> Array based data structures crush pointer based data structures in performance...

frutiger · 2024-12-24T15:59:32 1735055972

> pointers are just indexes into the big array which is system memory...

I’m sure you are aware but for anyone else reading who might not be, pointers actually index into your very own private array.

On most architectures, the MMU is responsible for mapping pages in your private array to pages in system memory or pages on disk (a page is a subarray of fixed size, usually 4 KiB).

Usually you only get a crash if you access a page that is not currently allocated to your process. Otherwise you get the much more insidious behaviour of silent corruption.

_dain_ · 2024-12-24T16:35:18 1735058118

>How you index into them is unrelated to performance.

Not true. If you store u32 indices, that can impose less memory/cache pressure than 64-bit pointers.

Also indices are trivially serializable, which cannot be said for pointers.

jpc0 · 2024-12-24T17:21:49 1735060909

I'll happily look at a benchmark which shows that the size of the index has any significant performance implications vs the work done with the data stored at said index, never mind the data actually stored there.

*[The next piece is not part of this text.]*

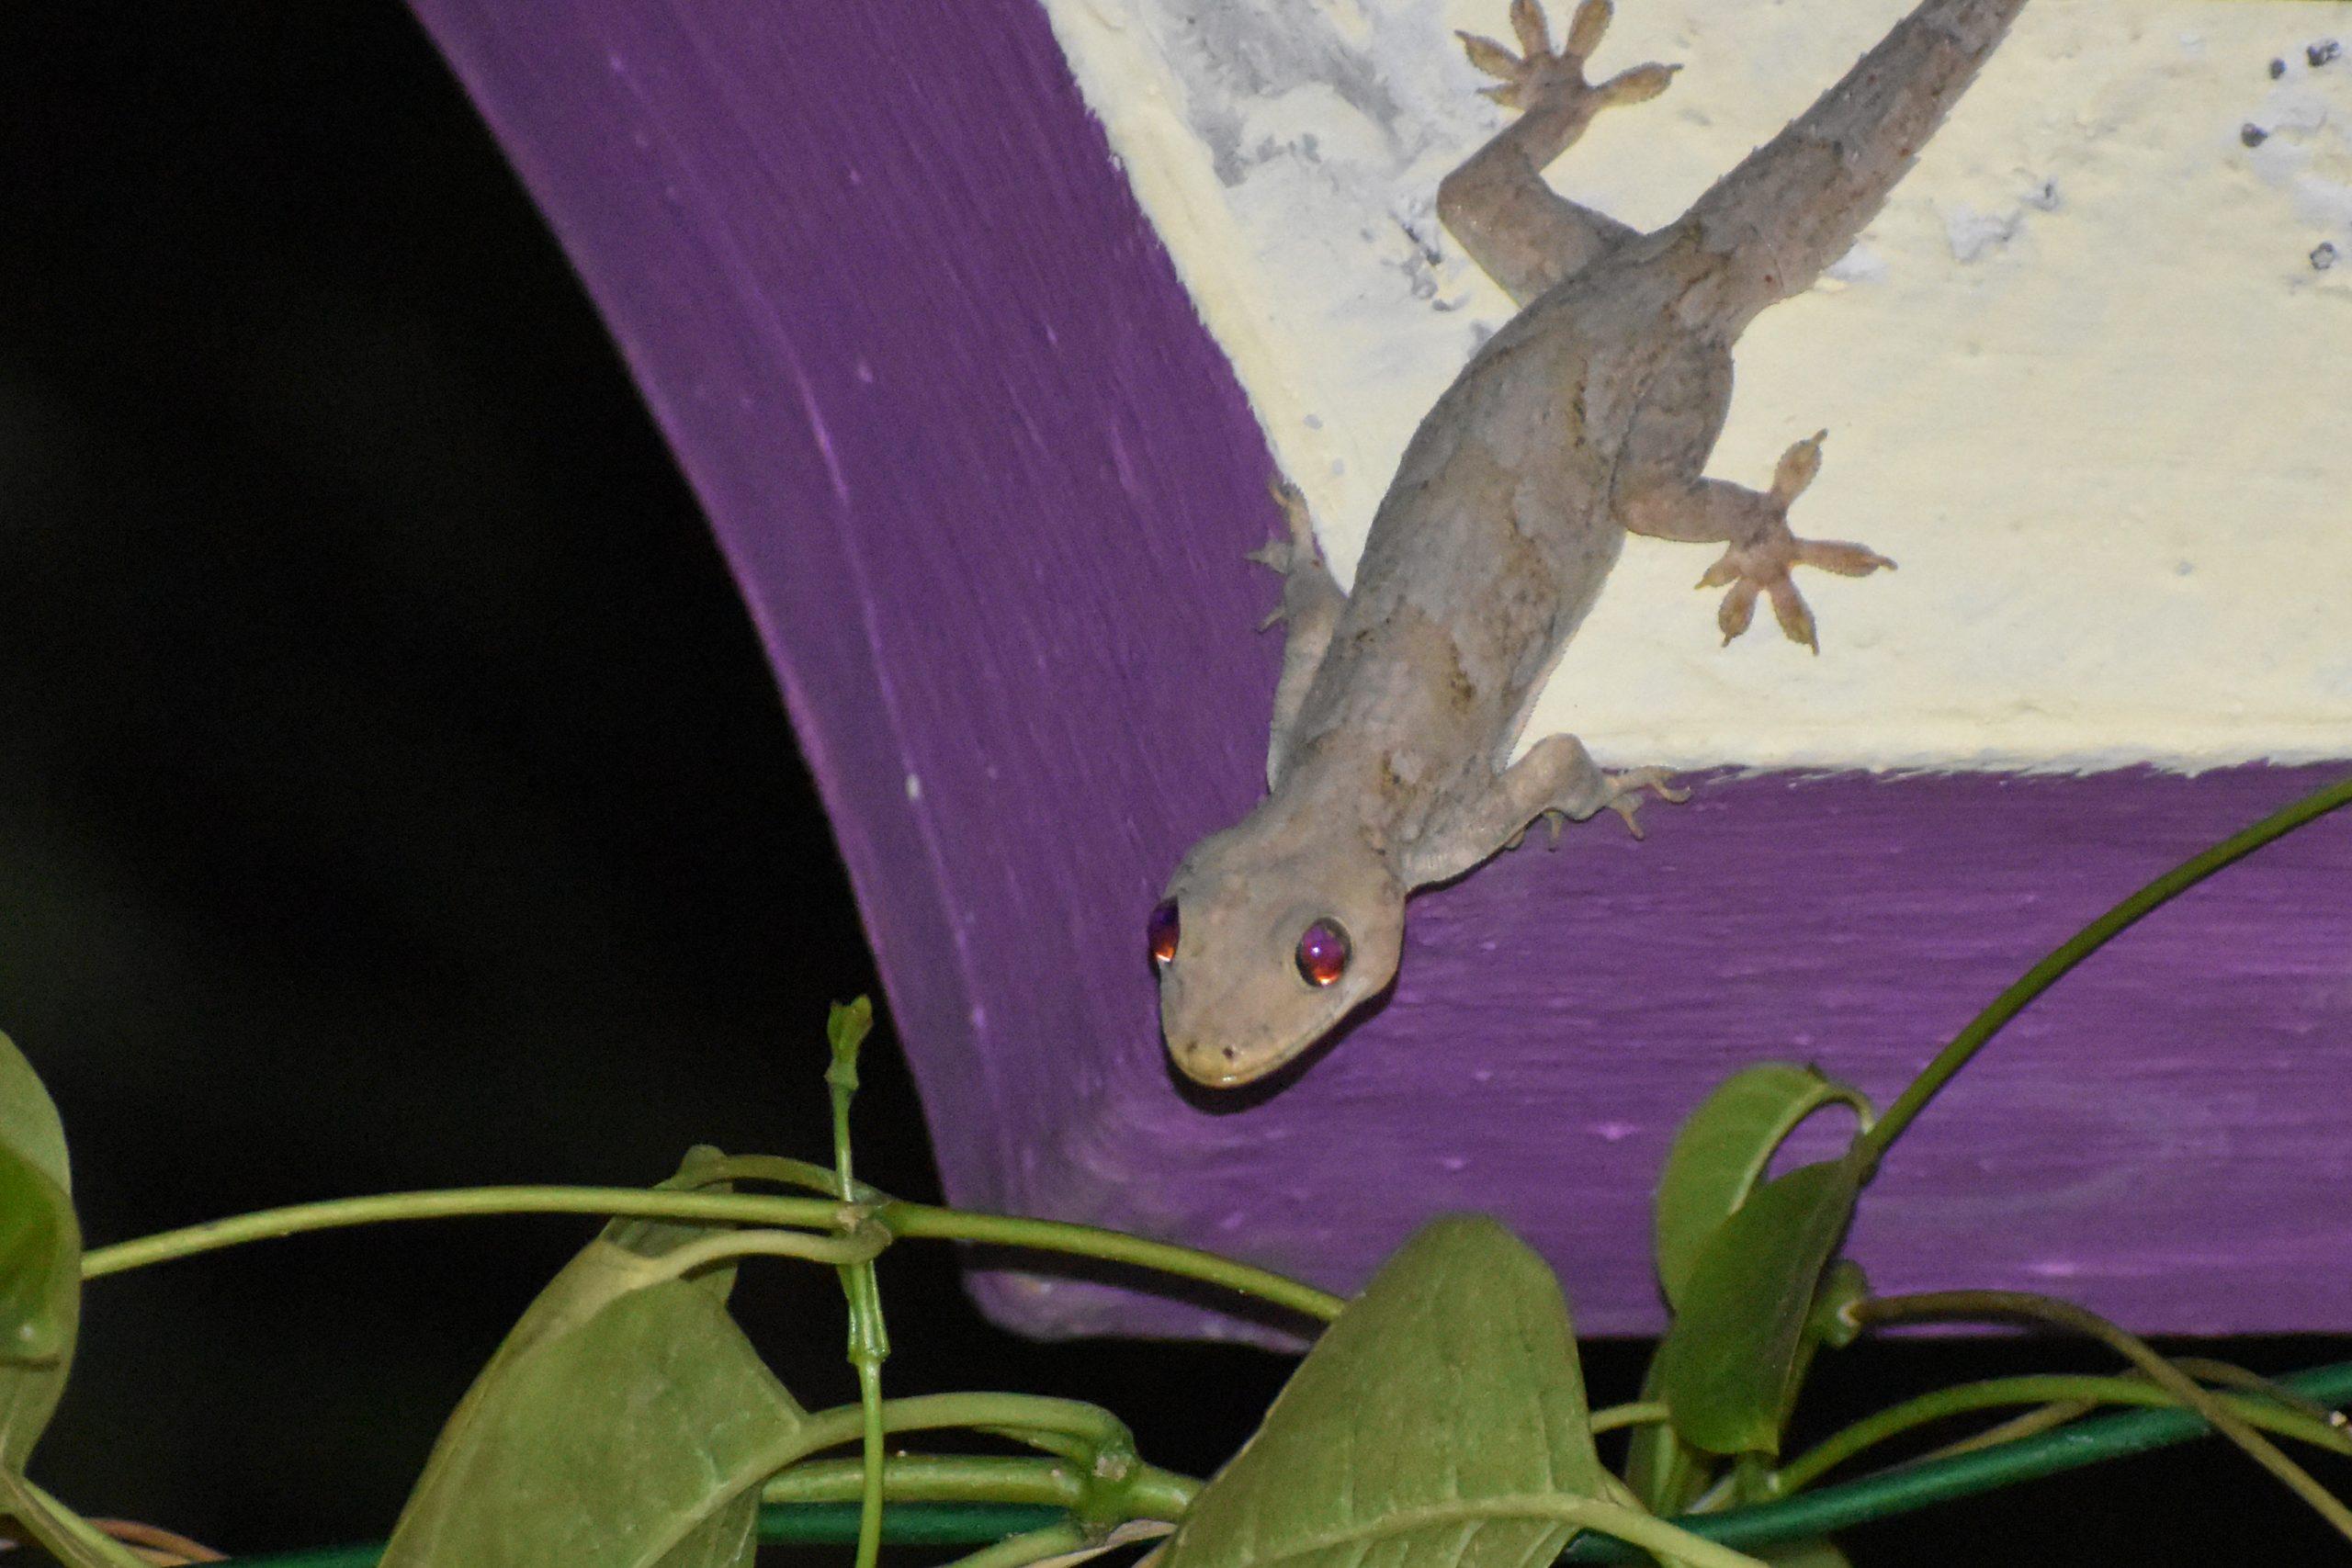 A common wall lizard
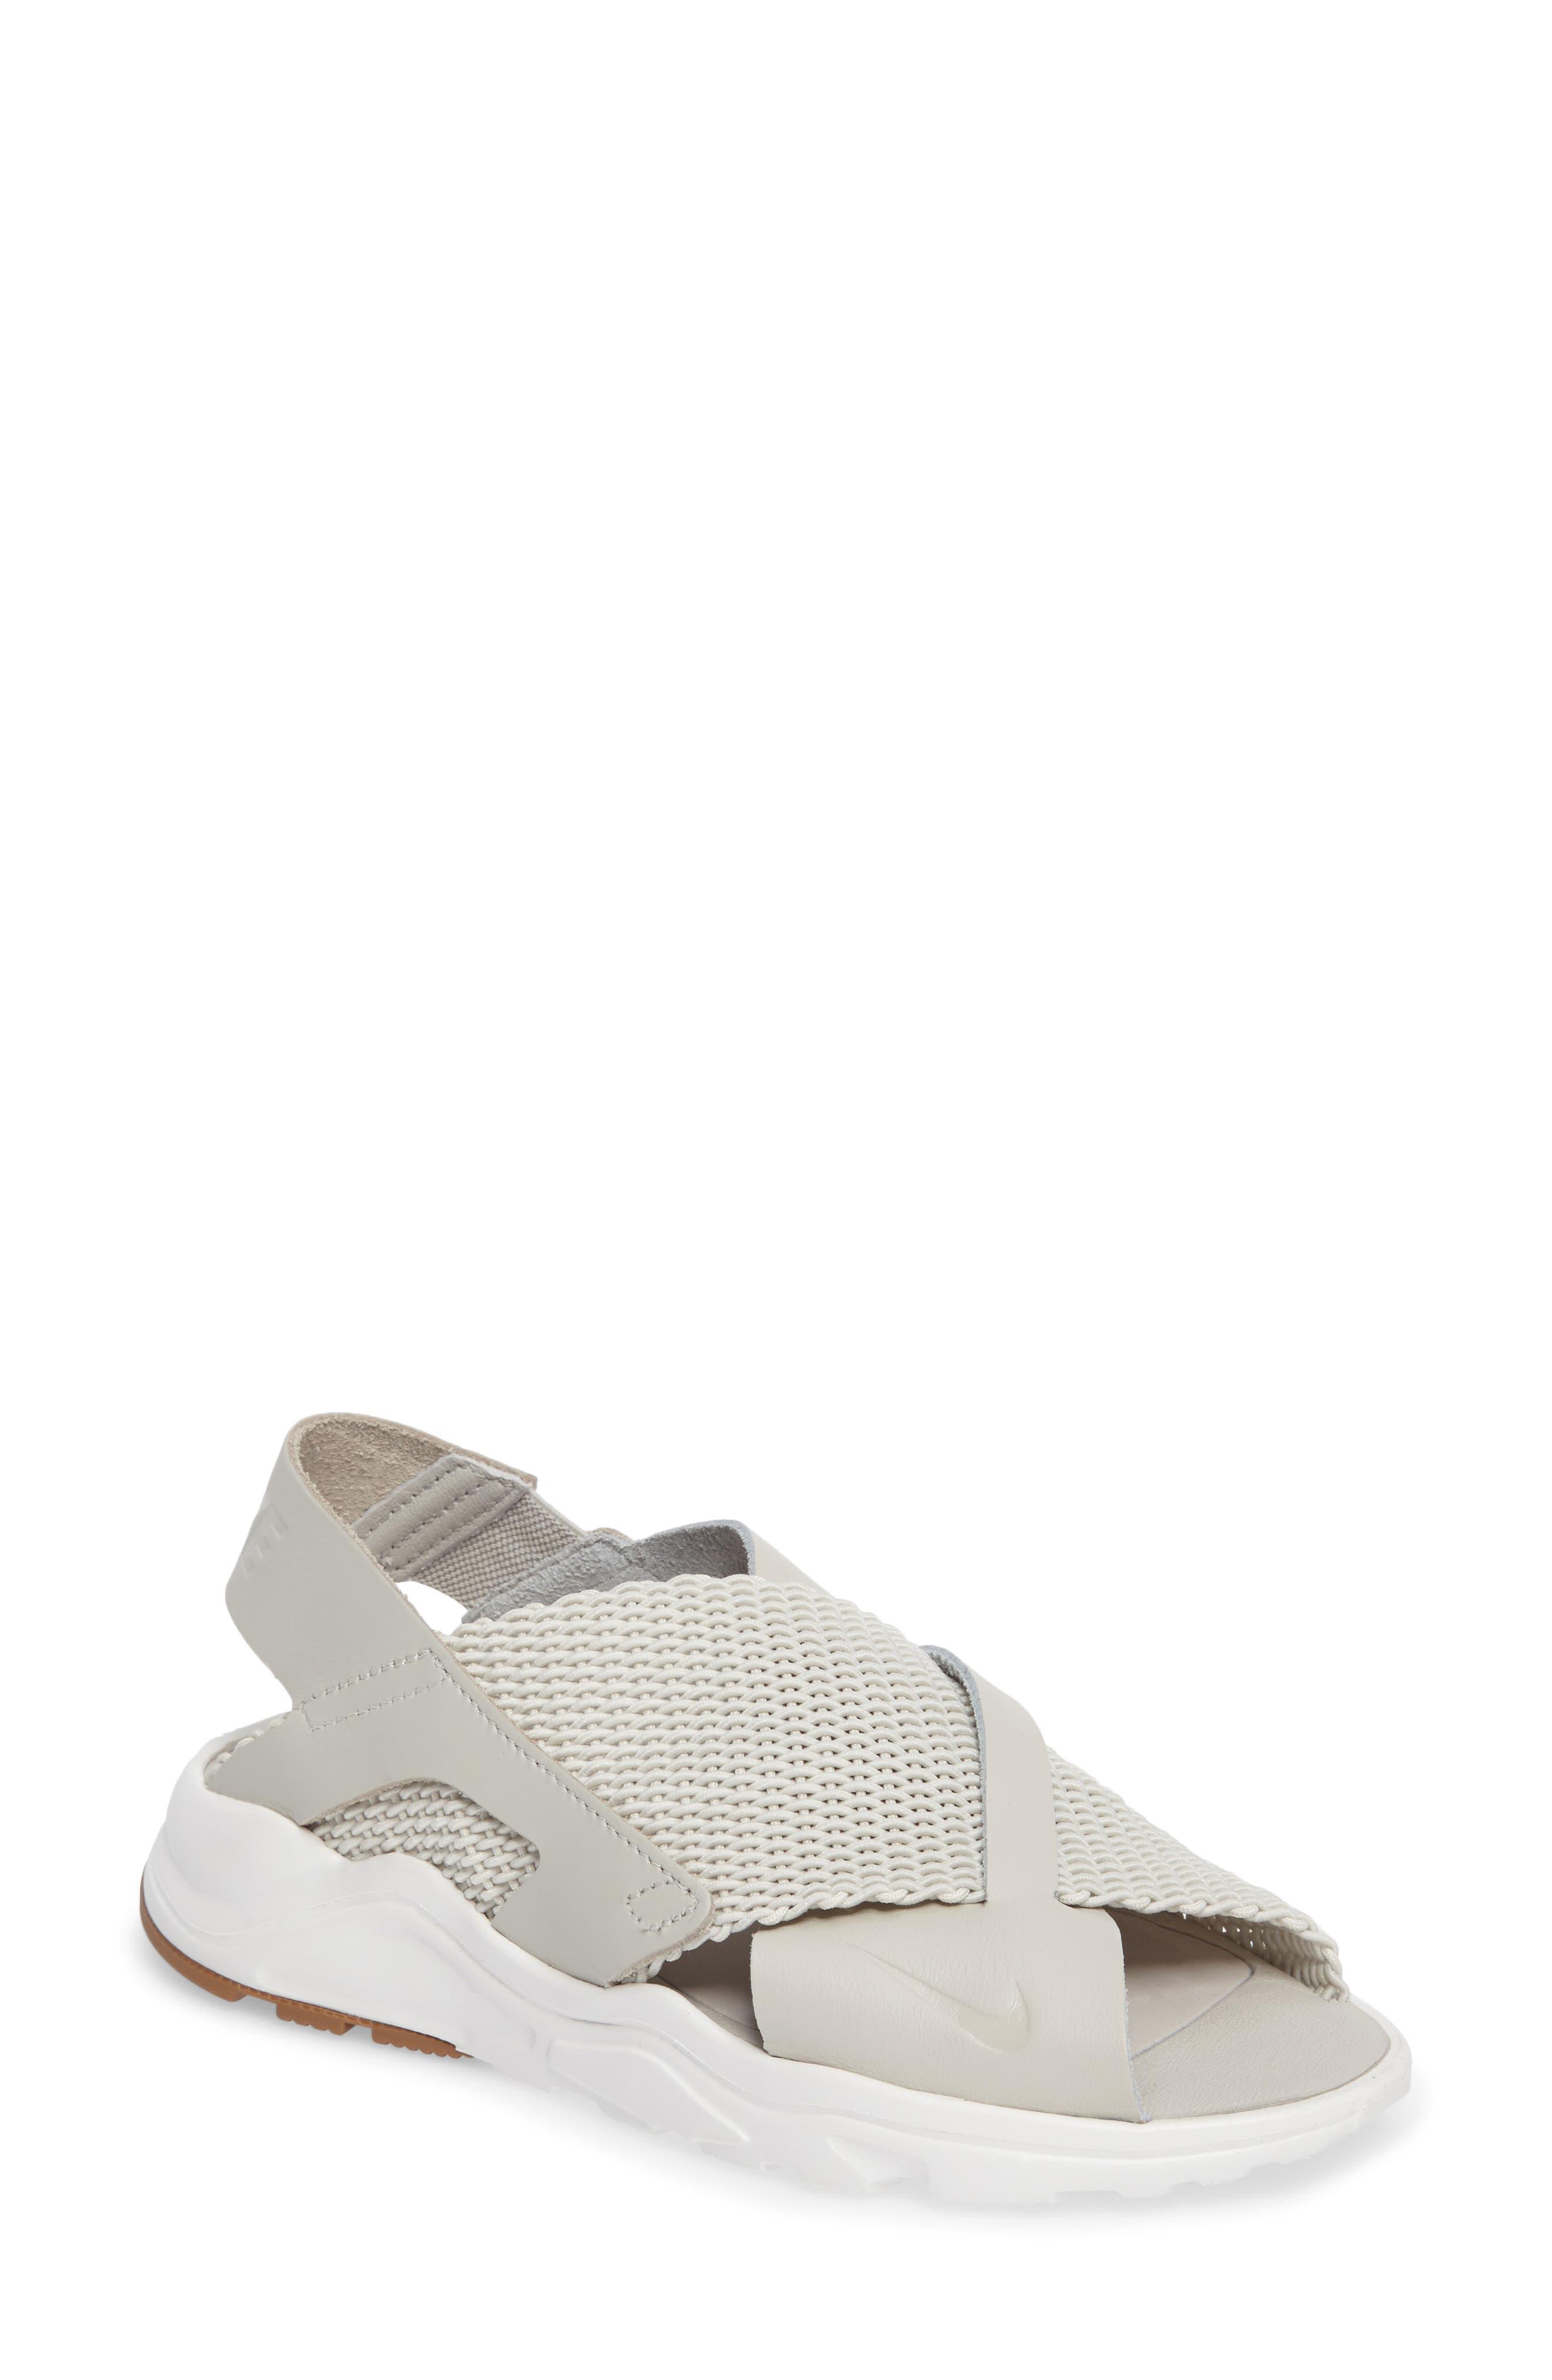 new style 4c864 e3ccc ... shopping nike air huarache ultra sport sandal women nordstrom 0ca83  c6daf

I haven't looked closely at the decompiled code but I wouldn't be surprised if iterating through a contiguous data structure has no cache pressure but is rather just incrementing a register without a load at all other than the first one.

And if you aren't iterating sequentially you are likely blowing the cache regardless purely based on jumping around in memory.

This is an optimisation that may be premature.

EDIT:

> Also indices are trivially serializable, which cannot be said for pointers

Pointers are literally 64bit ints... And converting them to an index is extremely quick if you want to store an offset instead when serialising.

I'm not sure if we are missing each other here. If you want an index then use indices. There is no performance difference when iterating through a data structure, there may be some for other operations but that has nothing to do with the fact they are pointers.

Back to the original parent that spurred this discussion... Replacing a reference (which is basically a pointer with some added suger) with an index into an array is effectively just using raw pointers to get around the borrow checker.

trealira · 2024-12-24T17:38:32 1735061912

> Pointers are literally 64bit ints... And converting them to an index is extremely quick if you want to store an offset instead when serialising.

I'm not them, but they're saying pointer based structures are just less trivial to serialize. For example, to serialize a linked list, you basically need to copy them into an array of nodes, replacing each pointer to a node with a local offset into this array. You can't convert them into indices just with pointer arithmetic because each allocation was made individually. Pointer arithmetic assumes that they already exist in some array, which would make the use of pointers instead of indices inefficient and redundant.

jpc0 · 2024-12-24T18:36:32 1735065392

I understand that entirely, a link list is a non-contiguous heap based data structure.

What I am saying is if you store a reference to an item in a Vec or an index to an item to a Vec it is an implementation detail and looking up the reference or the index generates effectively the same machine code.

Specifically in the case that I'm guessing they are referring to which is the optimisation used in patterns like ECS. The optimisation there is the fact that it is stored contiguously in memory and therefore it is trivial to use SIMD or a GPU to do operations on the data.

In that case whether you are storing a u32 or size_t doesn't exactly matter and on a 32bit arch is literally equivalent. It's going to be dwarfed by loading the data into cache if you are randomly accessing the items or by the actual operations done to the data or both.

As I said, sure use an index but that wasn't the initial discussion. The discussion was doing it to get around the borrow check which is effectively just removing the borrow checker from the equation entirely and you may as well have used a different language.

IX-103 · 2024-12-24T20:05:34 1735070734

The main benefit from contiguous storage is it can be a better match to the cache. Modern CPUs read an entire cache line in a burst. So if you're iterating through a contiguous array of items then chances are the data is already in the cache. Also the processor tends to prefetch cache lines when it recognizes a linear access pattern, so it can be fetching the next element in the array while it's working on the one before it.

mrkeen · 2024-12-24T18:32:14 1735065134

> Pointers are literally 64bit ints... And converting them to an index is extremely quick if you want to store an offset instead when serialising.

This implies serialisation/deserialisation passes, so you can't really let bigger-than-ram data live on your disk.